## Import NYC Yellow Taxi data into Data Lake
First, lets load NYC Yellow Taxi trips from years 2014-2018 to the data frame.


In [3]:
from azureml.opendatasets import NycTlcYellow

from datetime import datetime
from dateutil import parser


end_date = parser.parse('2018-12-31')
start_date = parser.parse('2014-01-01')
nyc_tlc = NycTlcYellow(start_date=start_date, end_date=end_date)
nyc_tlc_df = nyc_tlc.to_spark_dataframe()

## Create a hive table
Save data frame to the nyctaxitrips table in default database.

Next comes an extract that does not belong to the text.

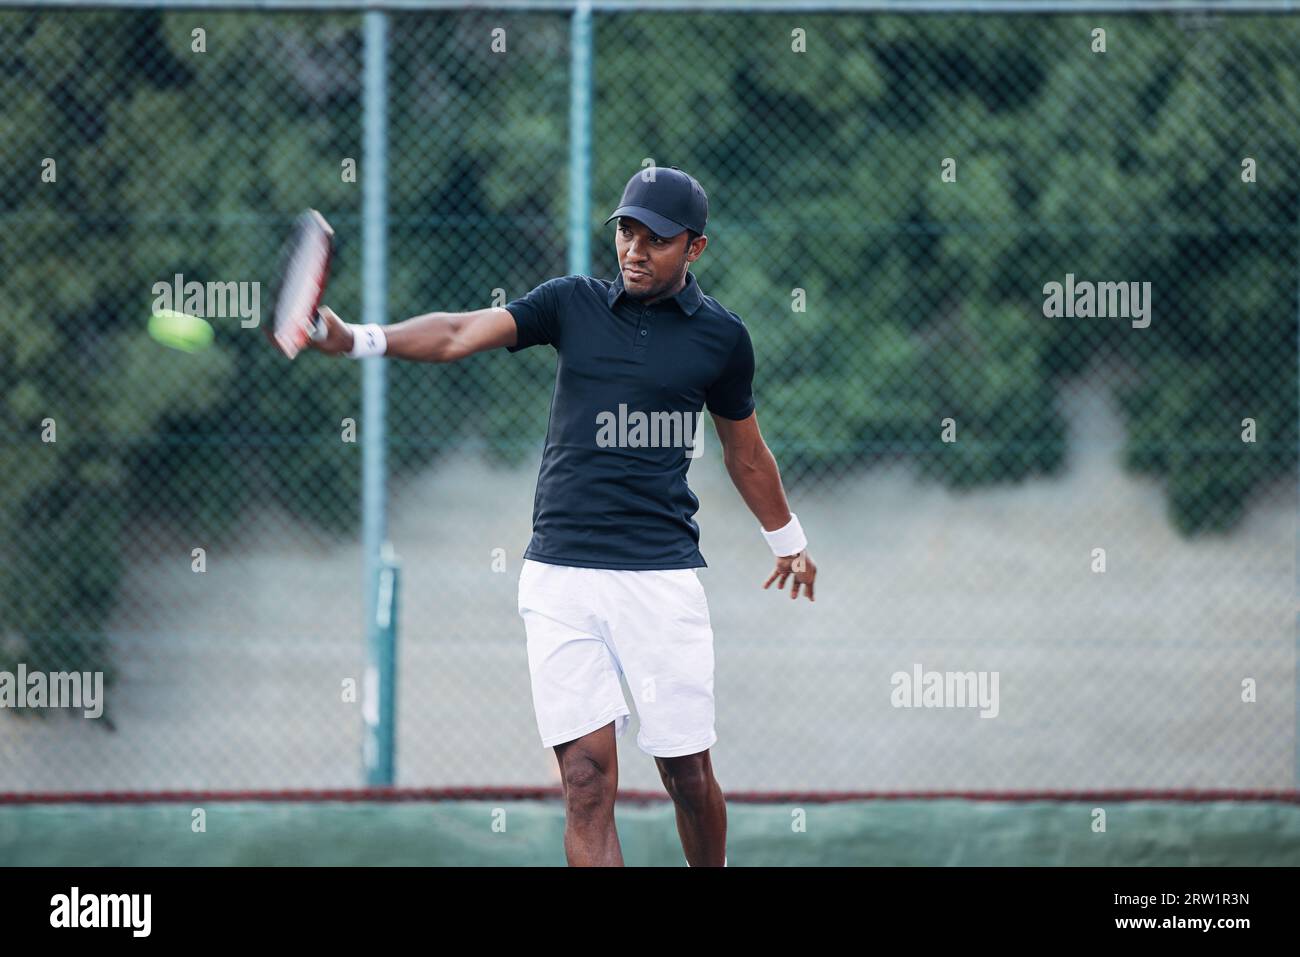 Un tennista professionista che colpisce una palla durante una partita Foto Stock
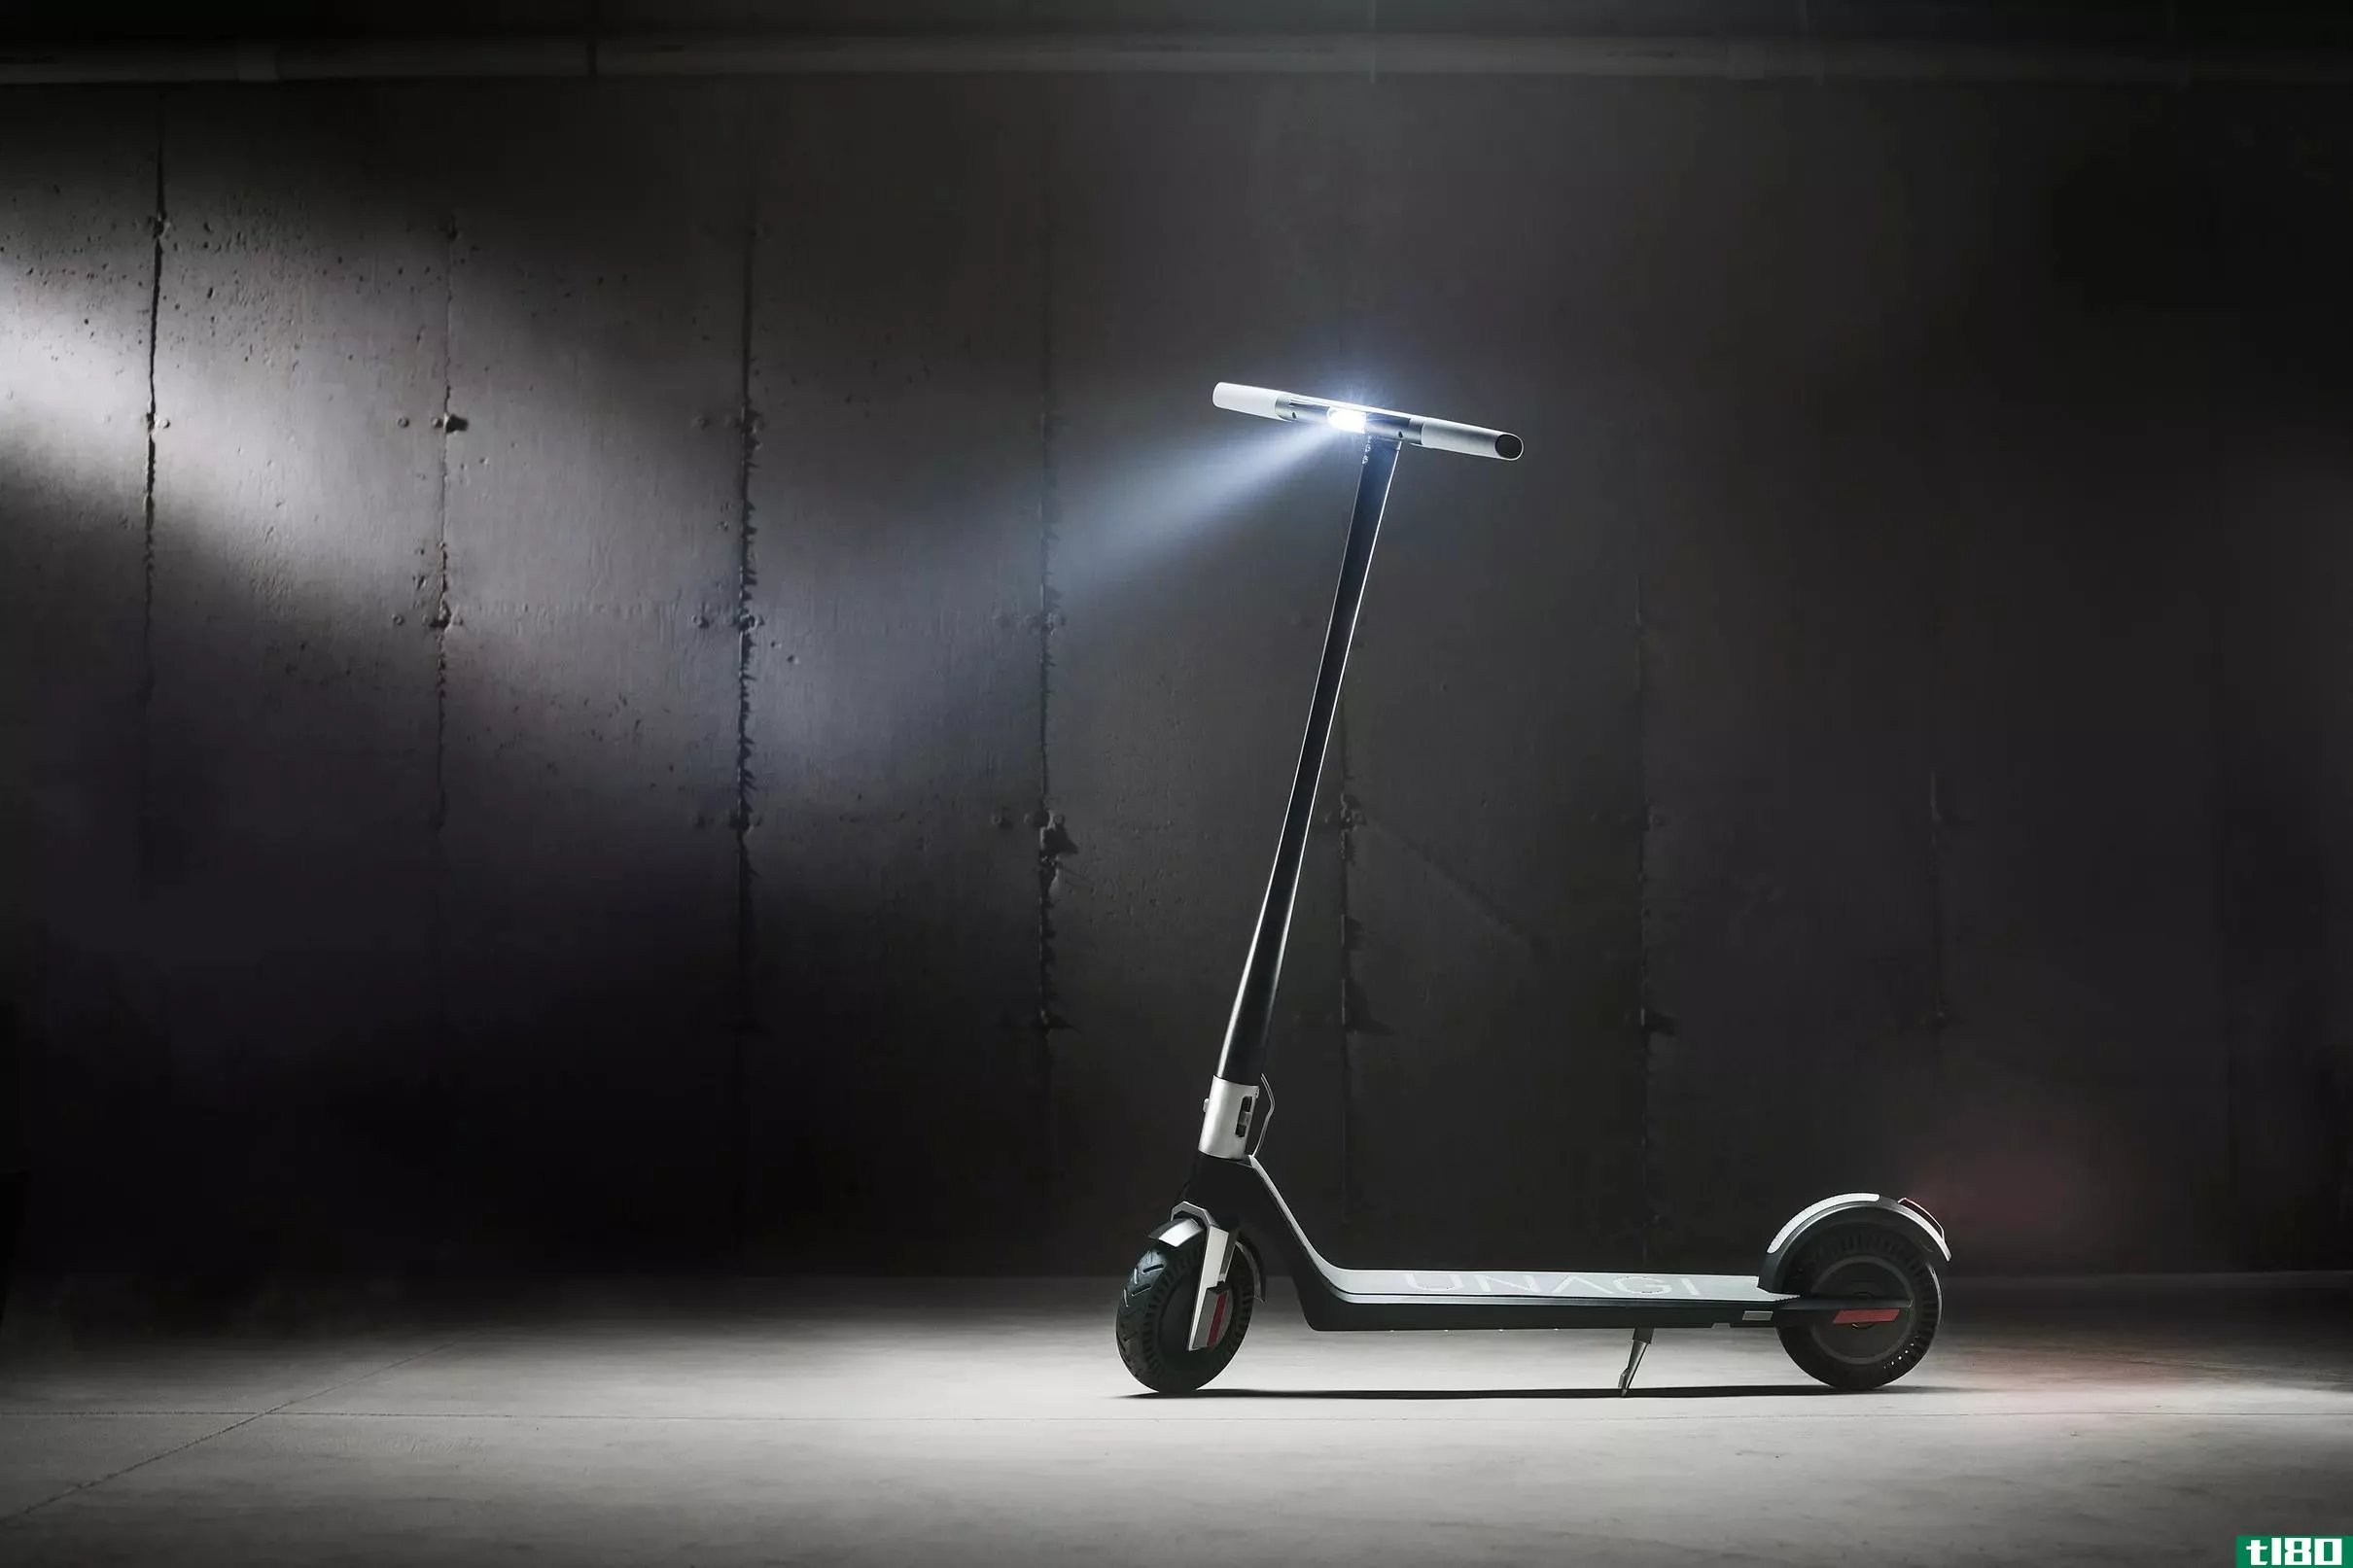 unagi推出了每月39美元的时尚电动踏板车订阅服务

This table will be accessible by SQL On Demand engine.


In [3]:
%%sql
DROP TABLE IF EXISTS nyctaxitrips

In [None]:
nyc_tlc_df.write.mode('overwrite').format('parquet').saveAsTable('nyctaxitrips')

Let's count rows in a newly created table.

In [6]:
%%sql
SELECT COUNT(*) FROM nyctaxitrips

## Write data to the data lake
Save data from table to the data lake using Parquet format.


In [7]:
df = spark.sql('SELECT * FROM nyctaxitrips')
df.write.format('parquet').save('/nyc/')